---------- Stored data

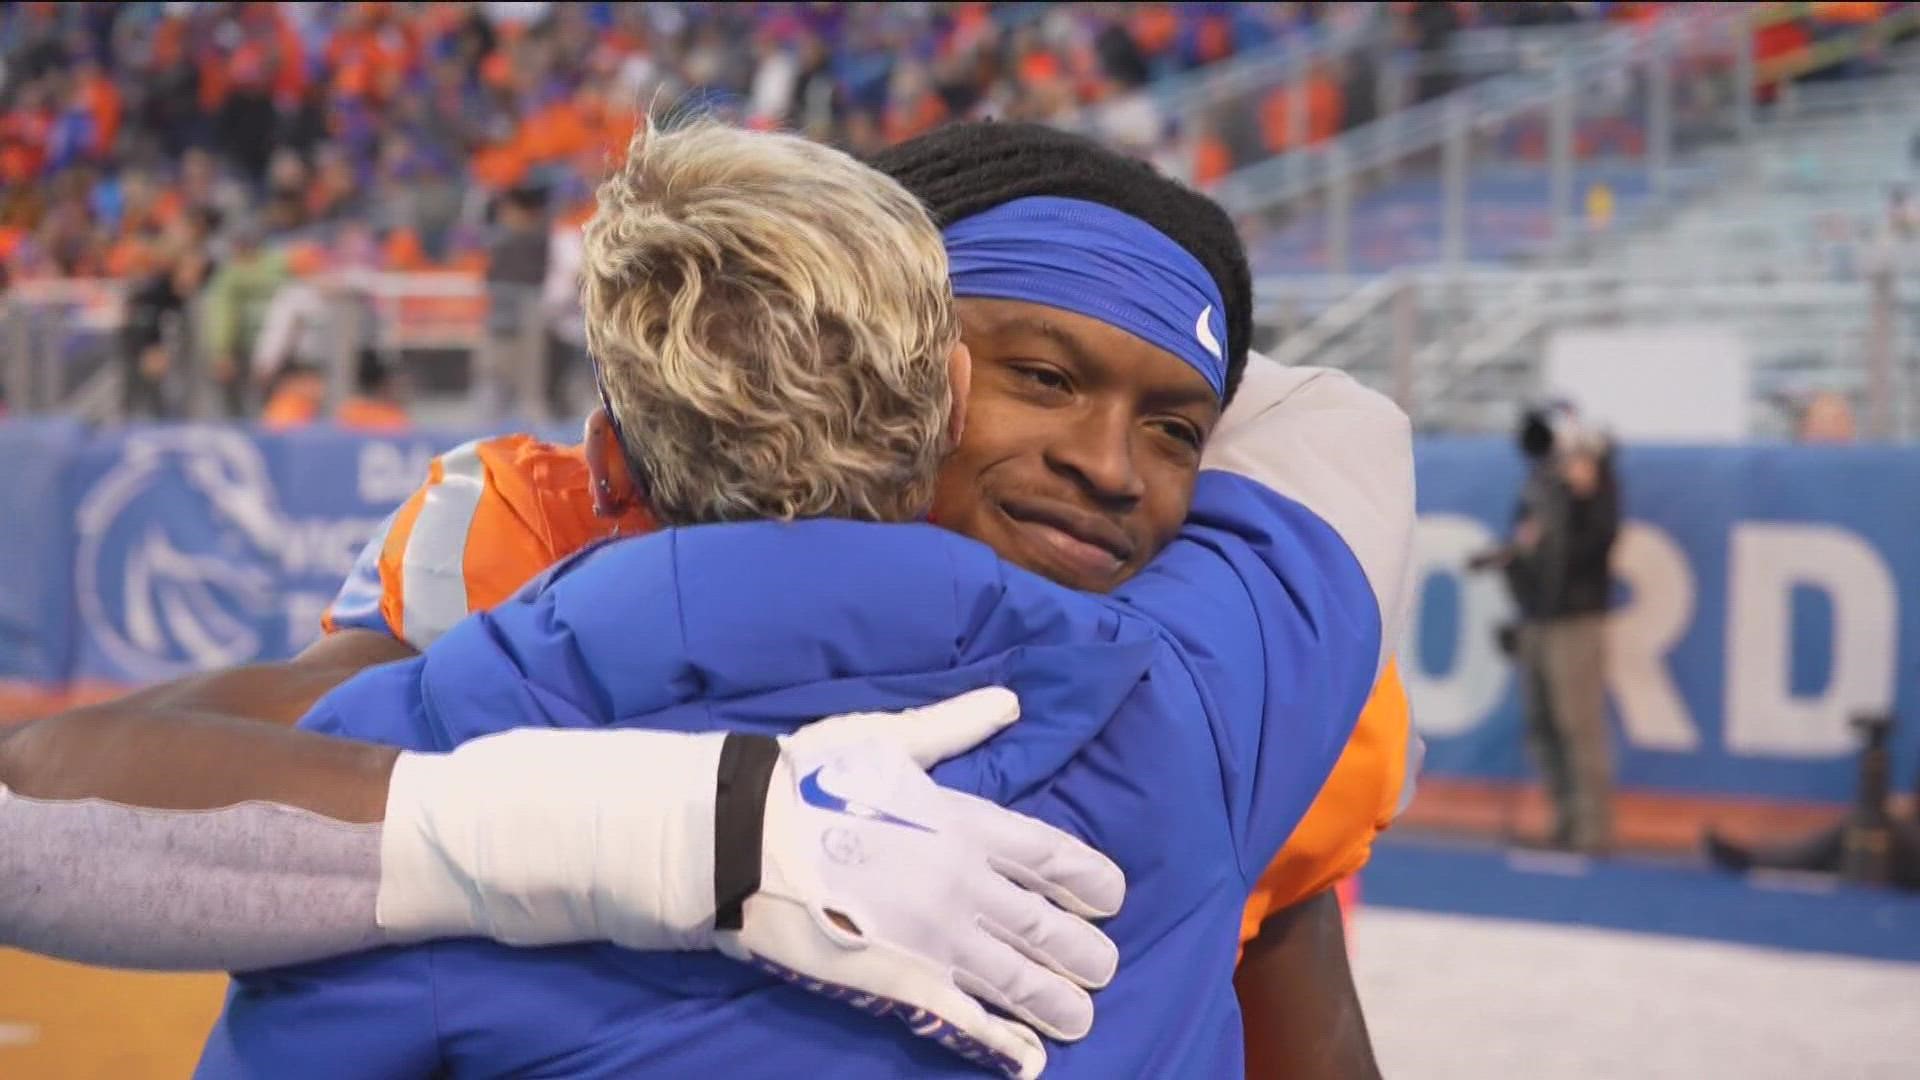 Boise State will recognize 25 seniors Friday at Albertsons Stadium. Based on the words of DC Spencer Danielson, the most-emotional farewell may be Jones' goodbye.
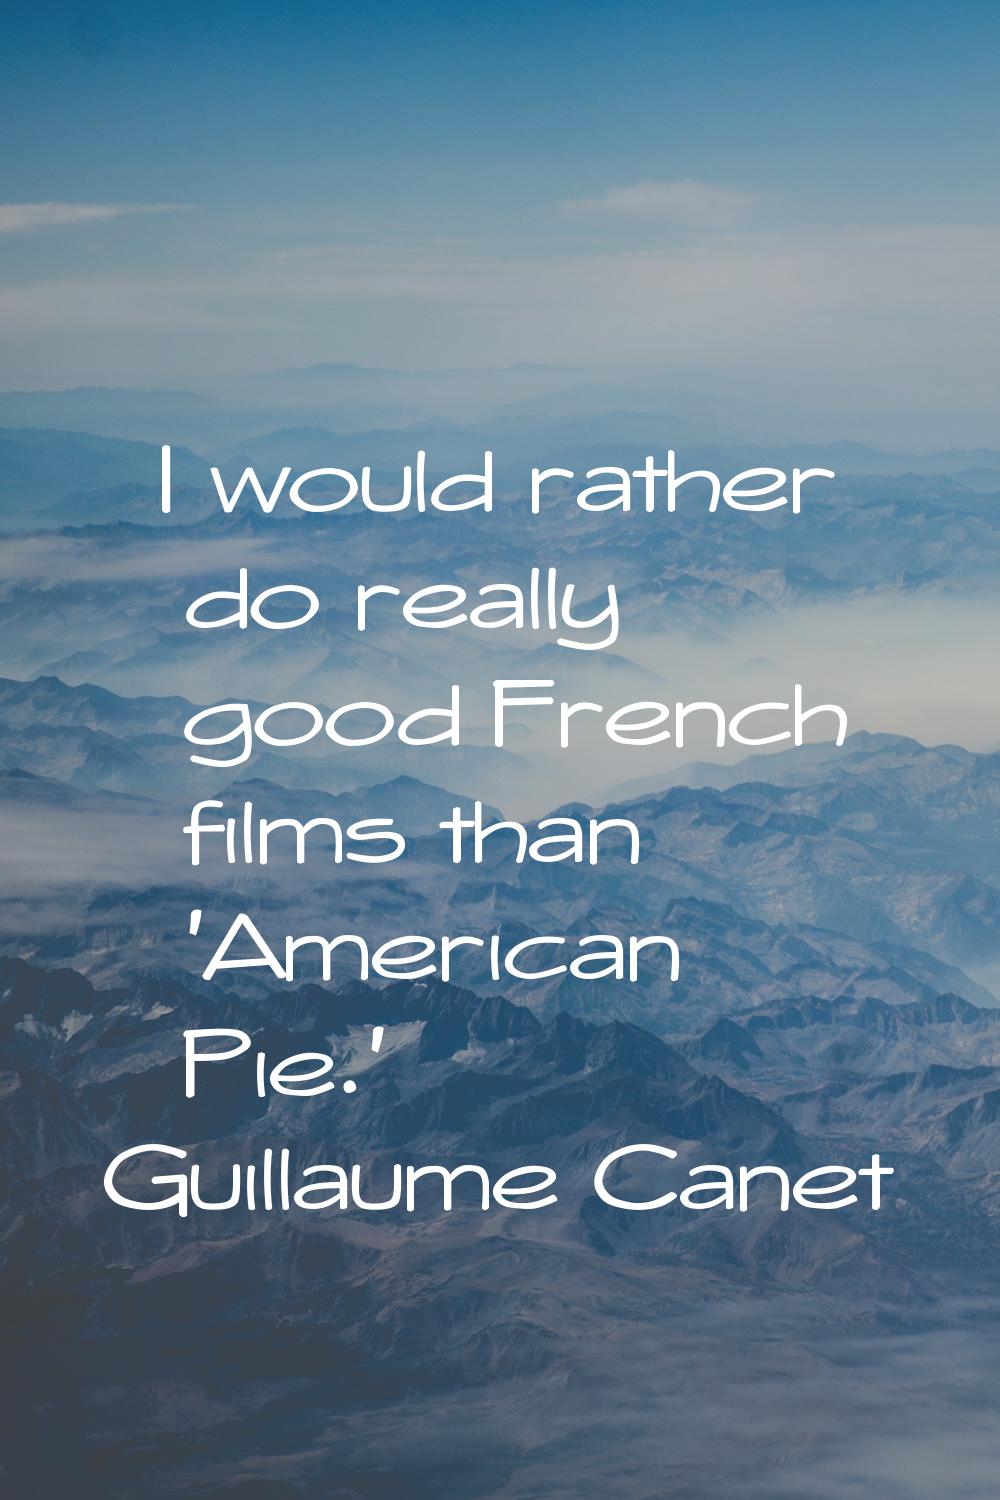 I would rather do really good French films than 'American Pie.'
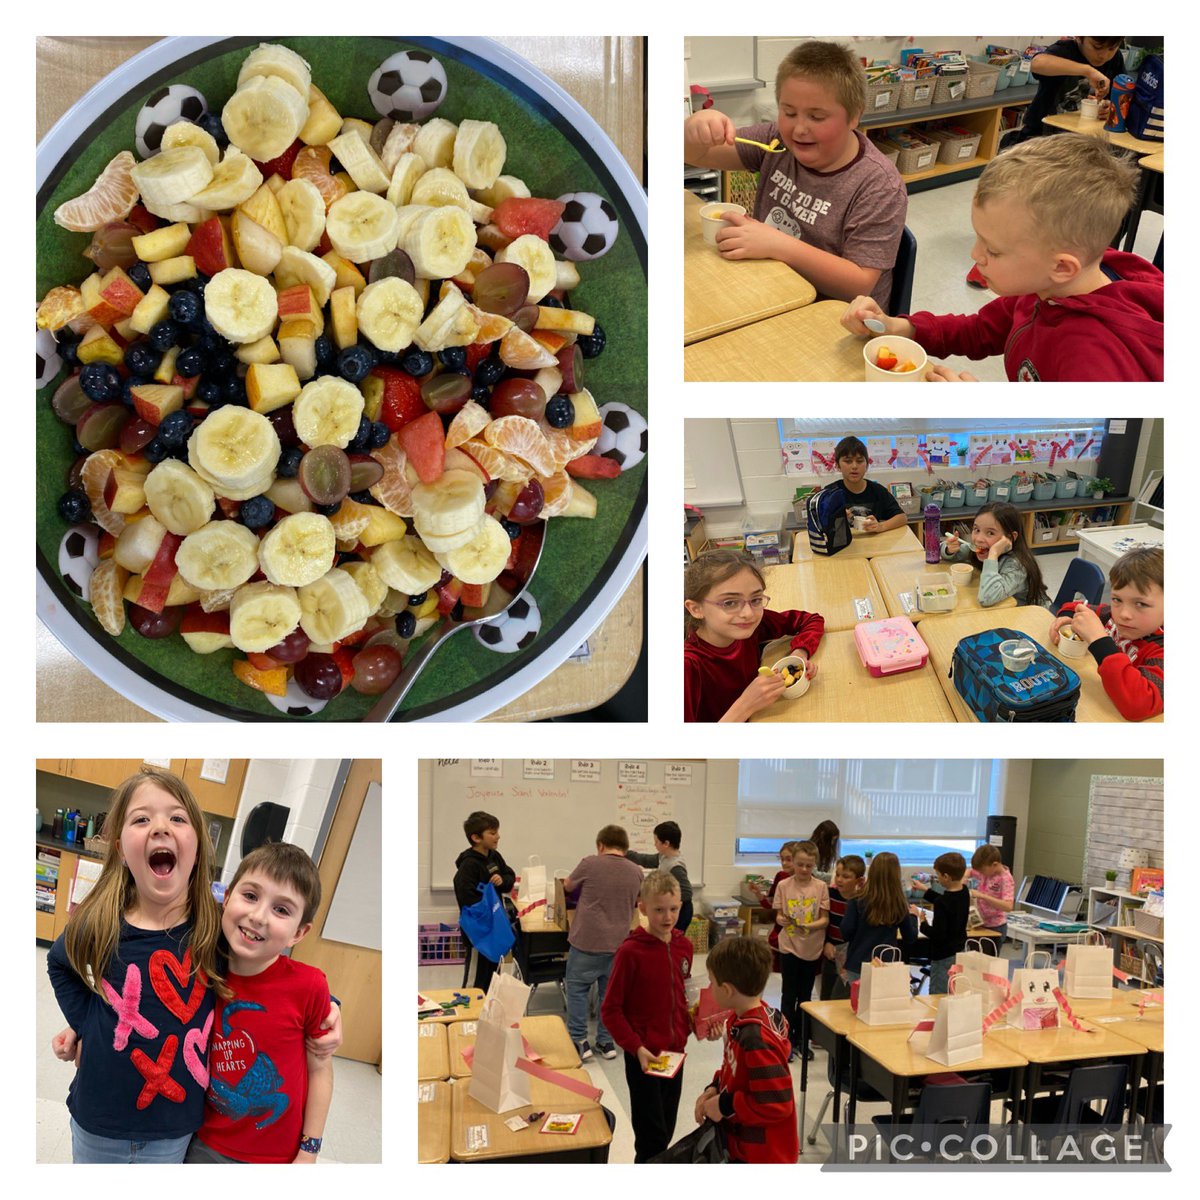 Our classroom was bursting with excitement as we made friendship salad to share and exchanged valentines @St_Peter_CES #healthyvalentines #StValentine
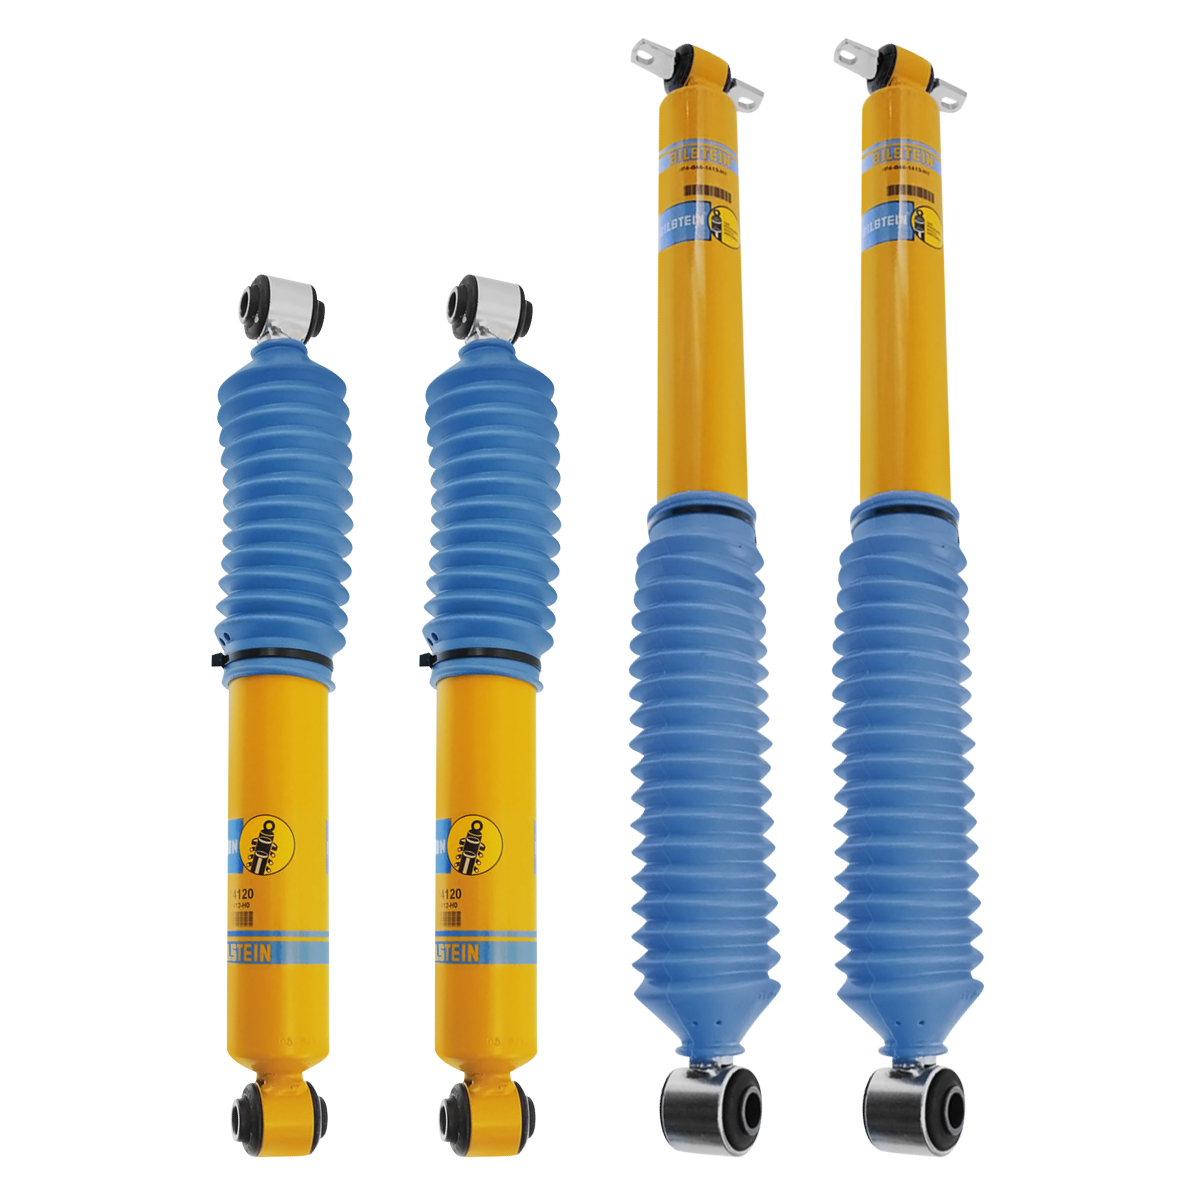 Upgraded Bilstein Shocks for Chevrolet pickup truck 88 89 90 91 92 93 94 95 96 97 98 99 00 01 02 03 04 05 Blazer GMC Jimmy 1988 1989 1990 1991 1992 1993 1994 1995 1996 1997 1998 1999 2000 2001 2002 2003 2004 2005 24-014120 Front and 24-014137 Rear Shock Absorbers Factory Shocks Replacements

--------------------

* Problem description
The result should be a word-for-word restatement of all the data, without images.

* Finished task
 Boise State will recognize 25 seniors Friday at Albertsons Stadium. Based on the words of DC Spencer Danielson, the most-emotional farewell may be Jones' goodbye.
 I would rather do really good French films than 'American Pie.'
 Our classroom was bursting with excitement as we made friendship salad to share and exchanged valentines @St_Peter_CES #healthyvalentines #StValentine
 Upgraded Bilstein Shocks for Chevrolet pickup truck 88 89 90 91 92 93 94 95 96 97 98 99 00 01 02 03 04 05 Blazer GMC Jimmy 1988 1989 1990 1991 1992 1993 1994 1995 1996 1997 1998 1999 2000 2001 2002 2003 2004 2005 24-014120 Front and 24-014137 Rear Shock Absorbers Factory Shocks Replacements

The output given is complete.